Problem: The records beneath should be printed exactly, and the pictures are to be left out.

Listed entries:
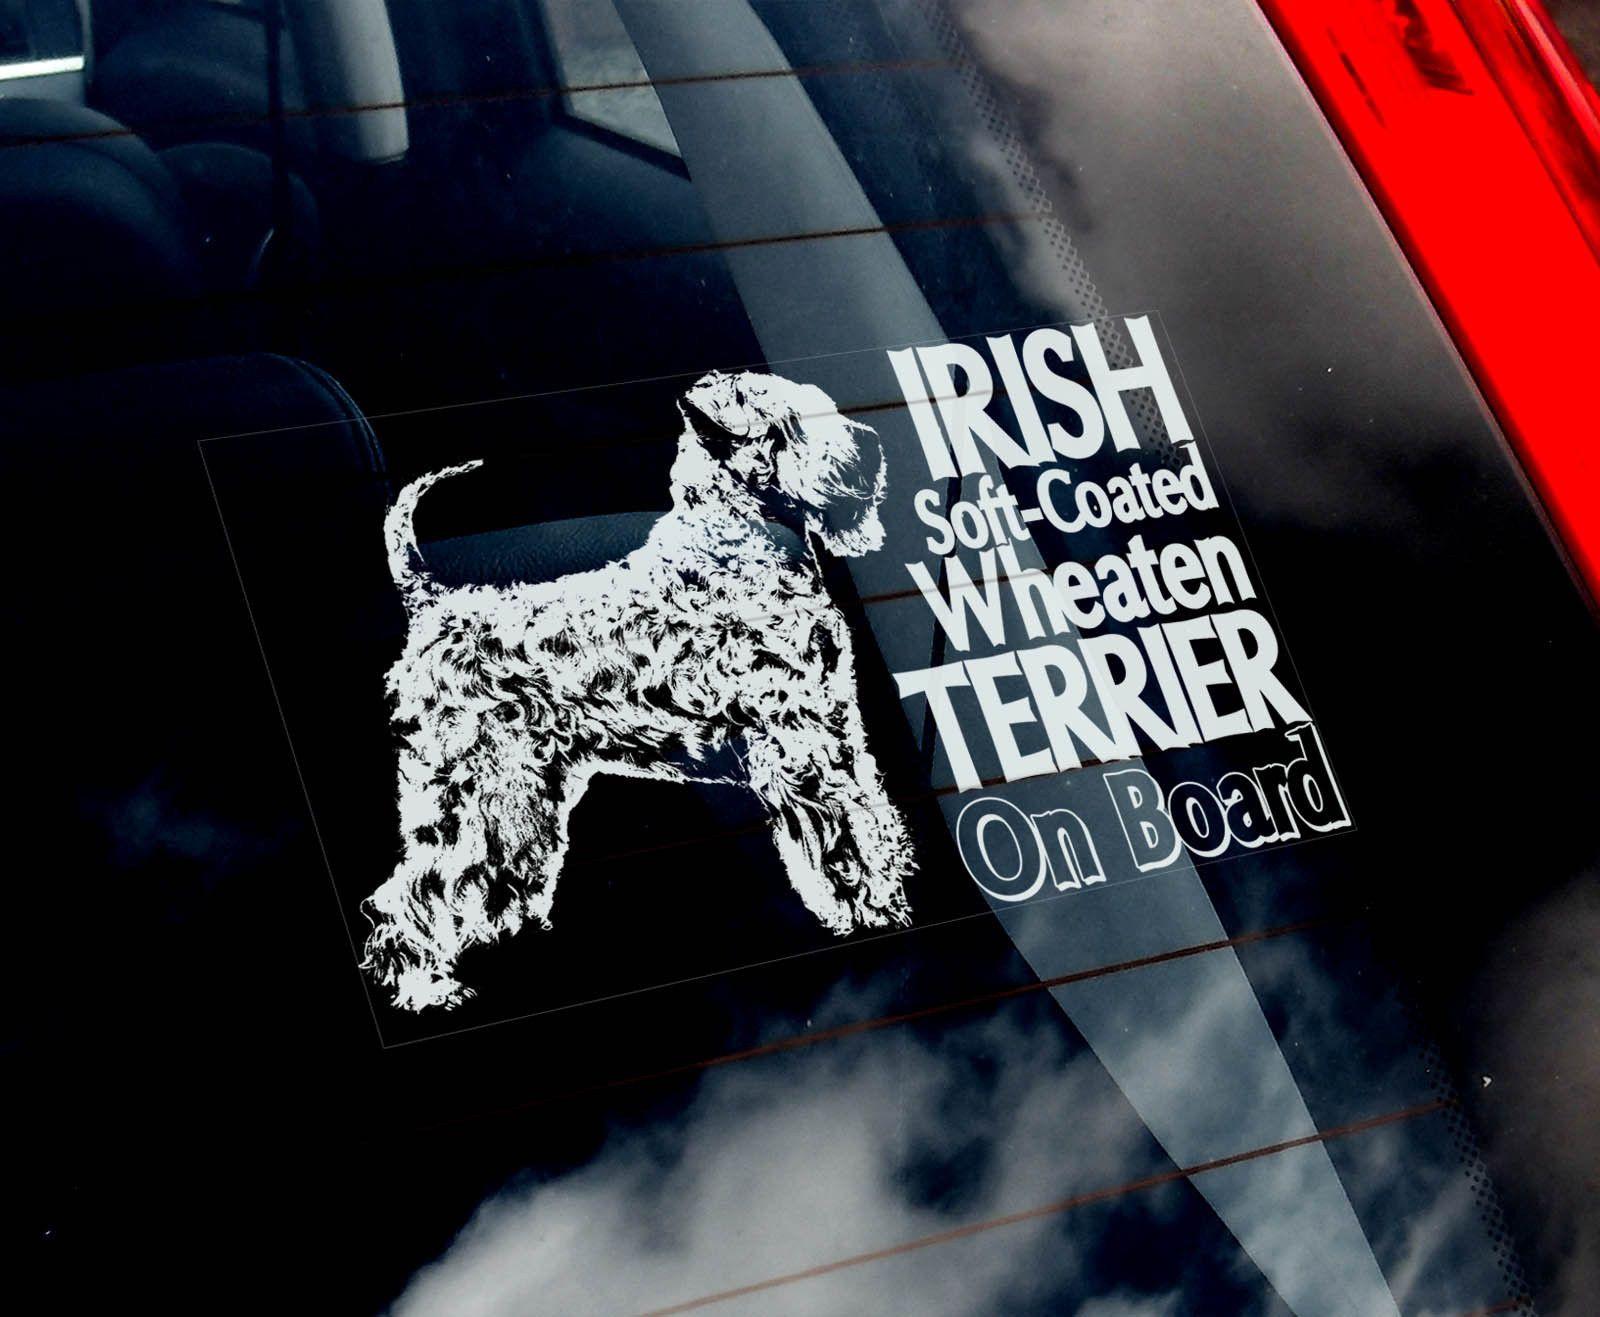 Irish Soft Coated Wheaten Terrier Car Window Sticker Dog Sign N Collar Ebay [ 1317 x 1600 Pixel ]
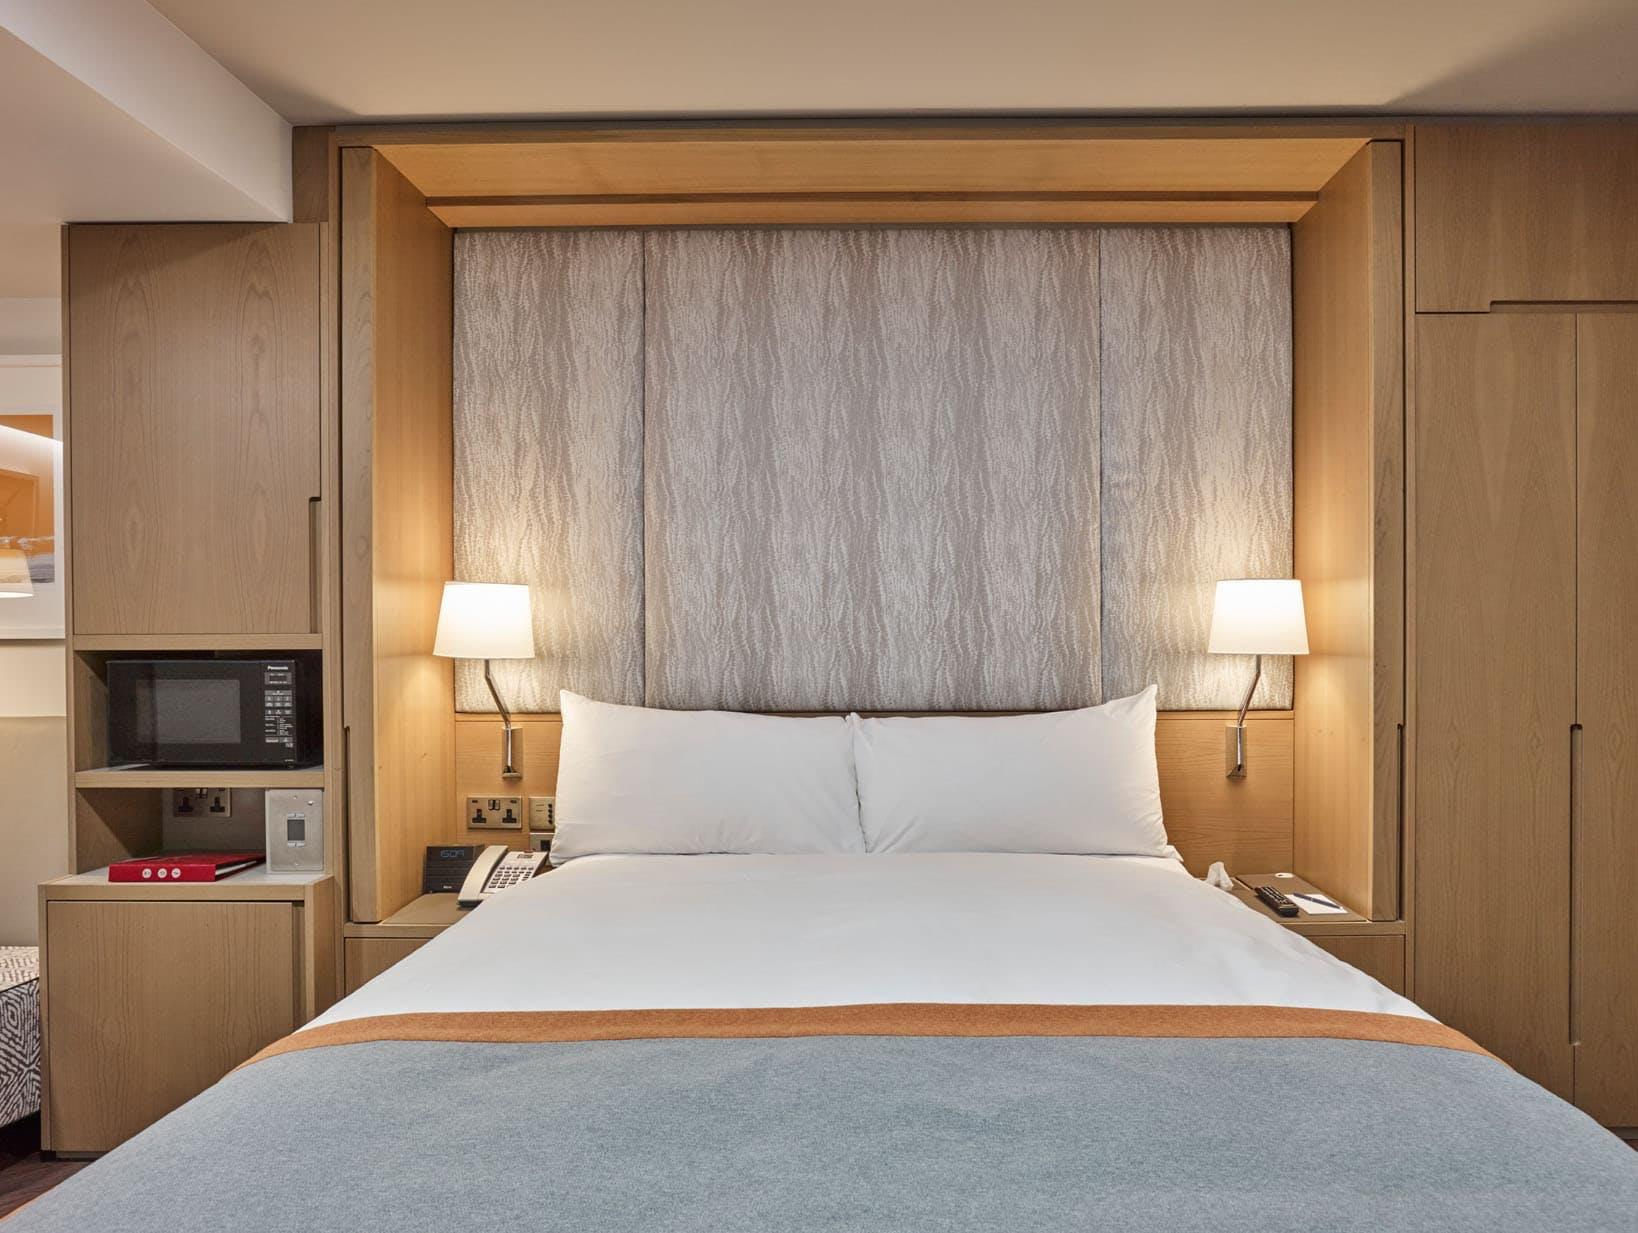 Club Level Premier Room at Club Quarters Hotel, Lincoln's Inn Fields
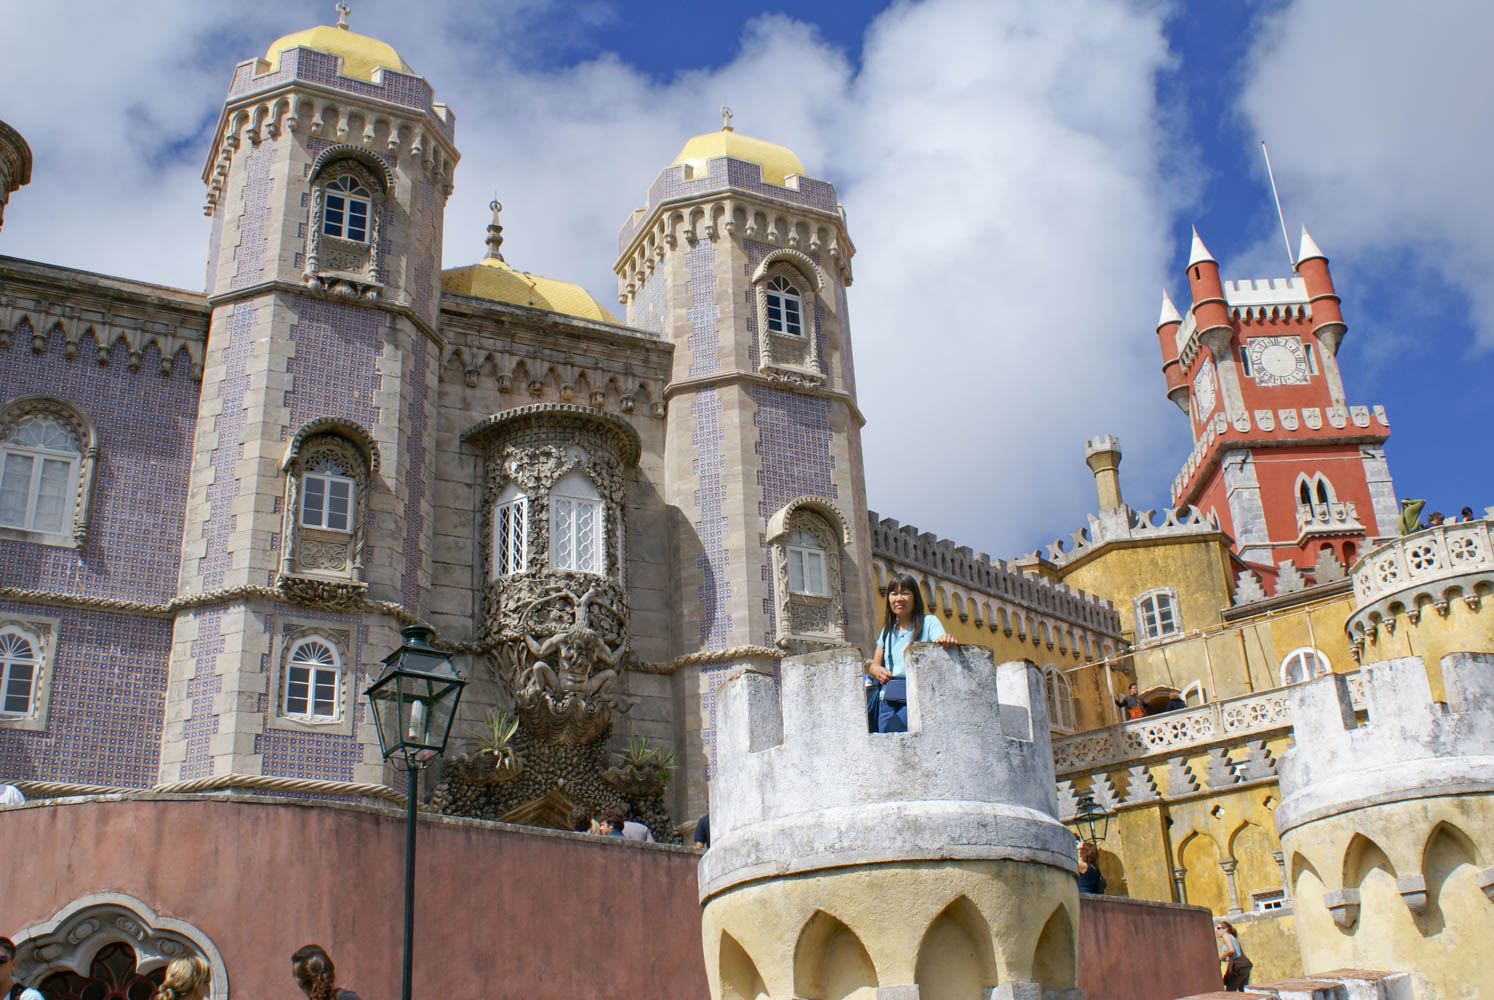 Castelo de Pena
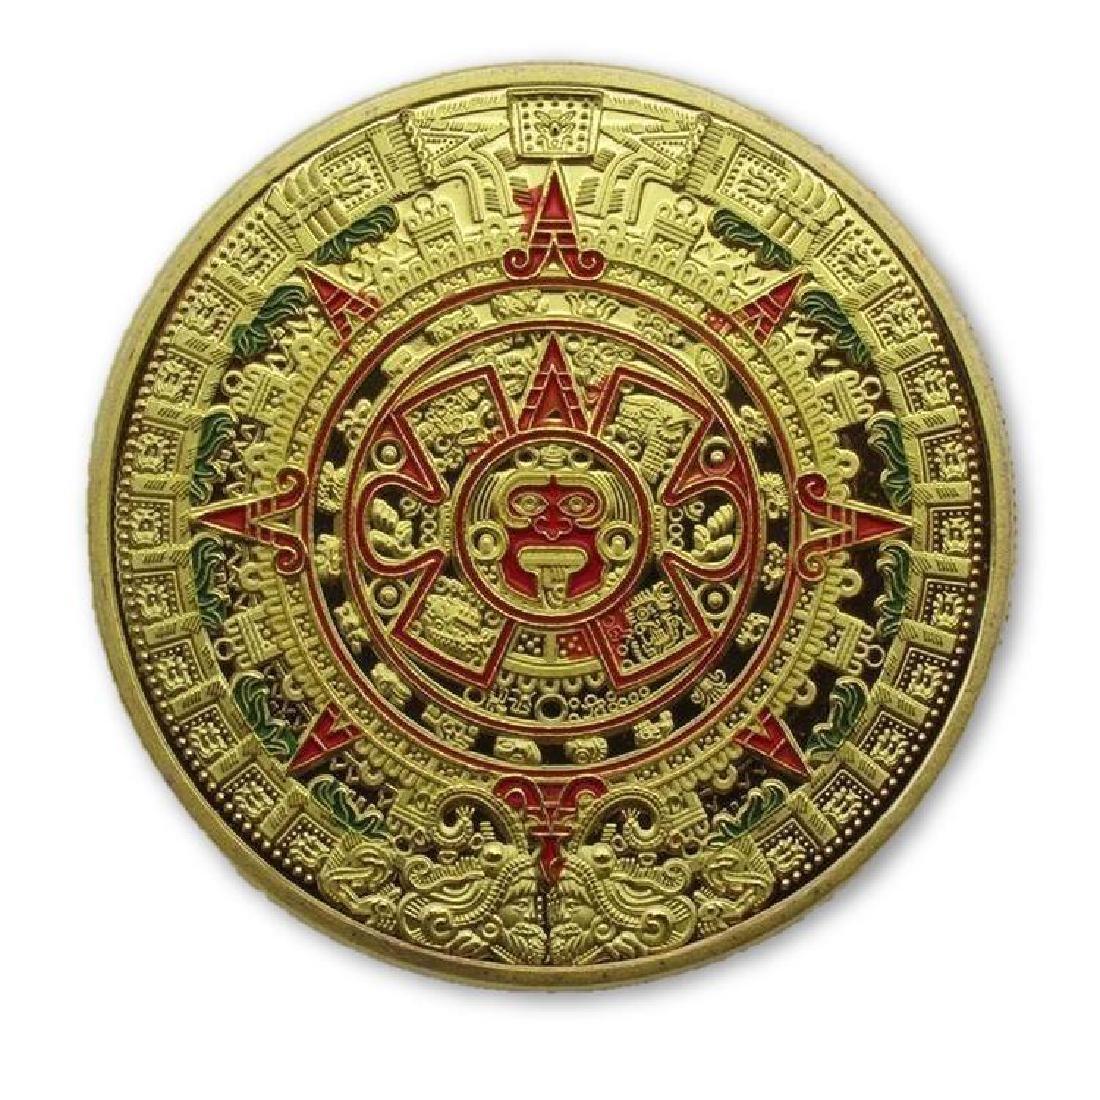 Aztec Calendar Colored Gold Clad Coin
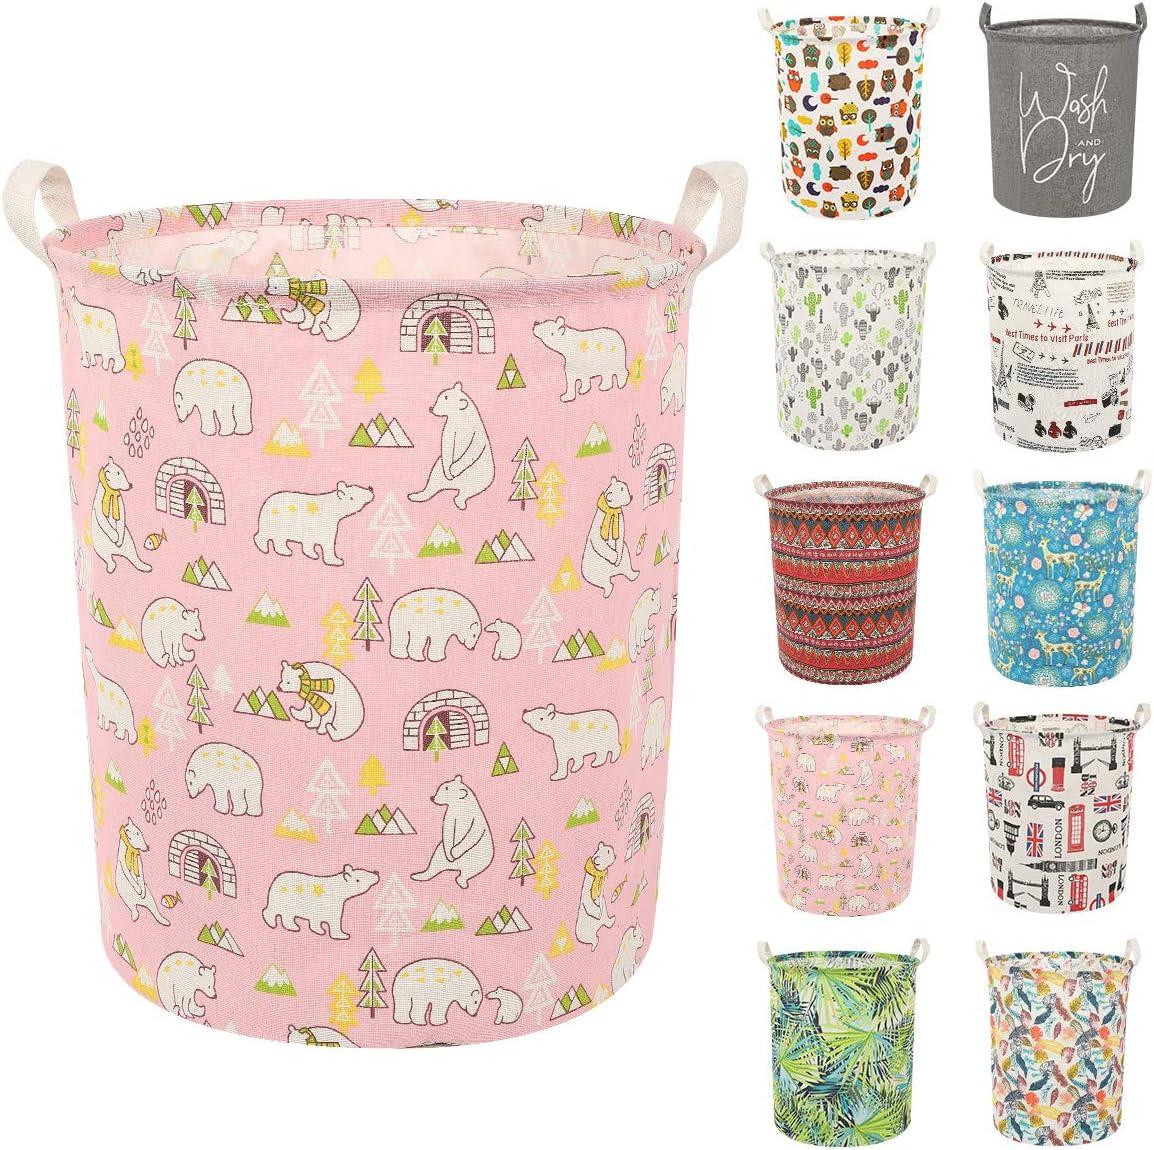 Clothes Laundry Hamper Storage Bin Large Collapsible Storage Basket Kids Canvas Laundry Basket for Home Bedroom Nursery Room (Y-Pink Polar Bear, L)

Finished task:
 Irish Soft Coated Wheaten Terrier Car Window Sticker Dog Sign N Collar Ebay [ 1317 x 1600 Pixel ]
 Club Level Premier Room at Club Quarters Hotel, Lincoln's Inn Fields
 Castelo de Pena
 Aztec Calendar Colored Gold Clad Coin
 Clothes Laundry Hamper Storage Bin Large Collapsible Storage Basket Kids Canvas Laundry Basket for Home Bedroom Nursery Room (Y-Pink Polar Bear, L)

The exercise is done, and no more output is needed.